Nonetheless, the Trump administration has outsourced Medicare to insurance companies and other for-profit middlemen, placing them between Americans and their doctors. The experiment could assign millions of people who elected traditional Medicare to a corporate health plan that works like Medicare Advantage, the Medicare private health insurance choice, with fewer consumer protections.
In so doing, this Trump experiment denies people their right to choose traditional Medicare. It can force them into a for-profit health insurance structure without asking them.
Odds are that most Americans placed into this experiment will have no clear understanding of how their coverage works, at least until the first time they are denied coverage for their care or they are directed to use a doctor or hospital they haven't chosen.

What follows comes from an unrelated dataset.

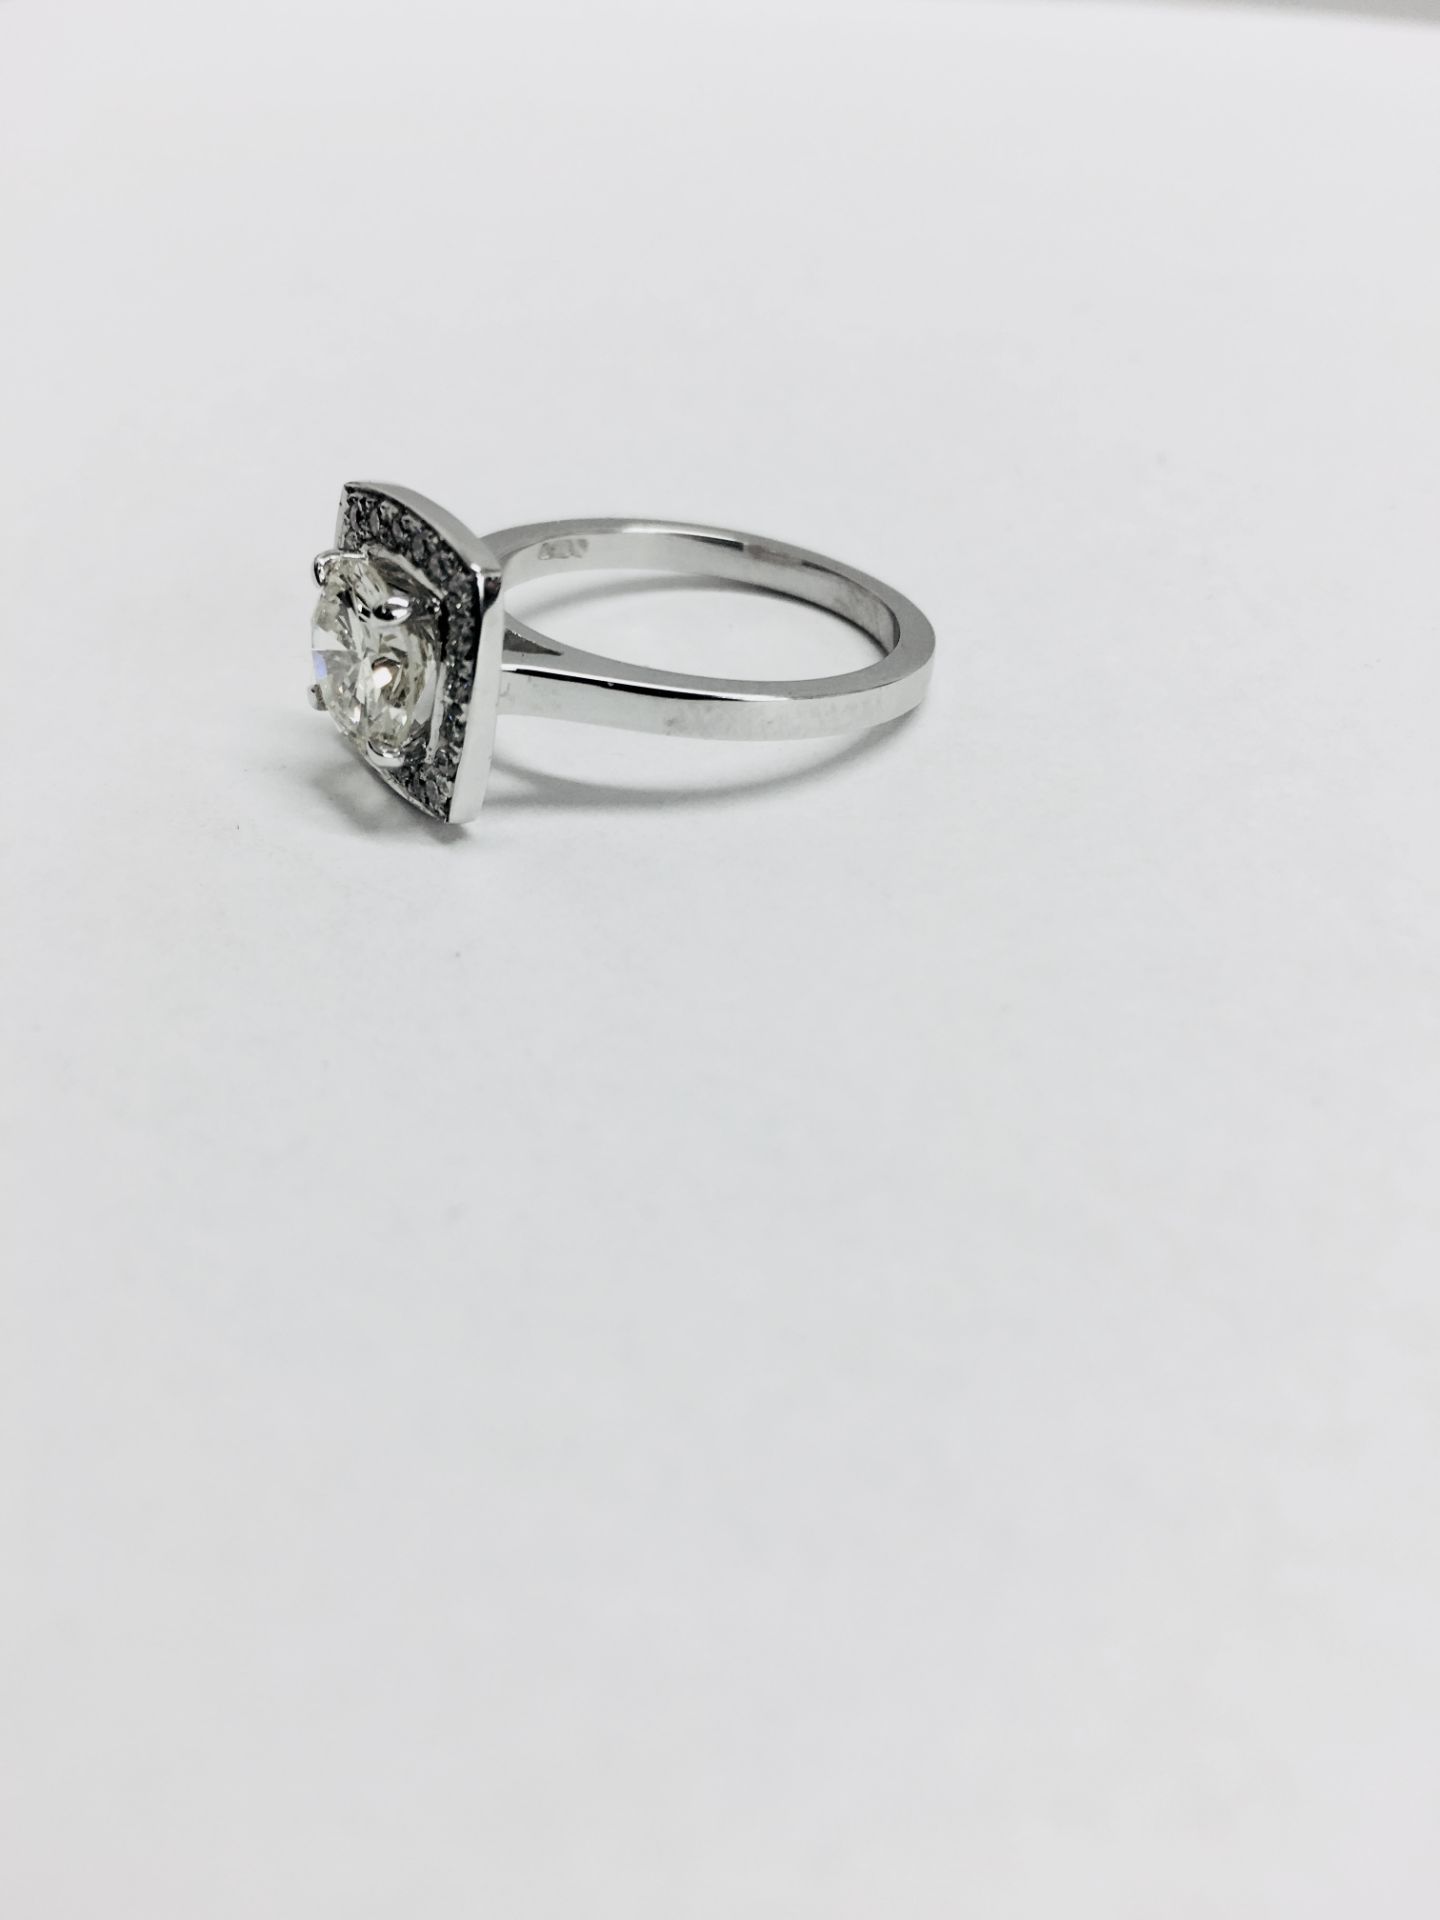 18ct white gold Handmade Halo style ring,0.50ct vs grade h colour diamond(clarity enhanced) - Image 2 of 5

In theory, the victims of this experiment could use out-of-network doctors and hospitals. But, it's not clear whether they would know they have this option or how easy it would be for them to see the doctors they want to see. The experiment offers companies a powerful financial incentive to keep people entirely inside restricted networks and to make it unappealing for physicians to provide out-of-network care. The experiment allows insurers to retrospectively deny payment to out-of-network physicians for care they provide.
The experiment is likely to make traditional Medicare a gold-mine for for-profit companies, who will make money for executives and shareholders by establishing complex administrative rules that undermine access to care and by imposing high out-of-pocket costs that discourage care. If allowed to continue, Trump's experiment will surely set the stage for the next Republican argument to do away with traditional Medicare as a system of public insurance.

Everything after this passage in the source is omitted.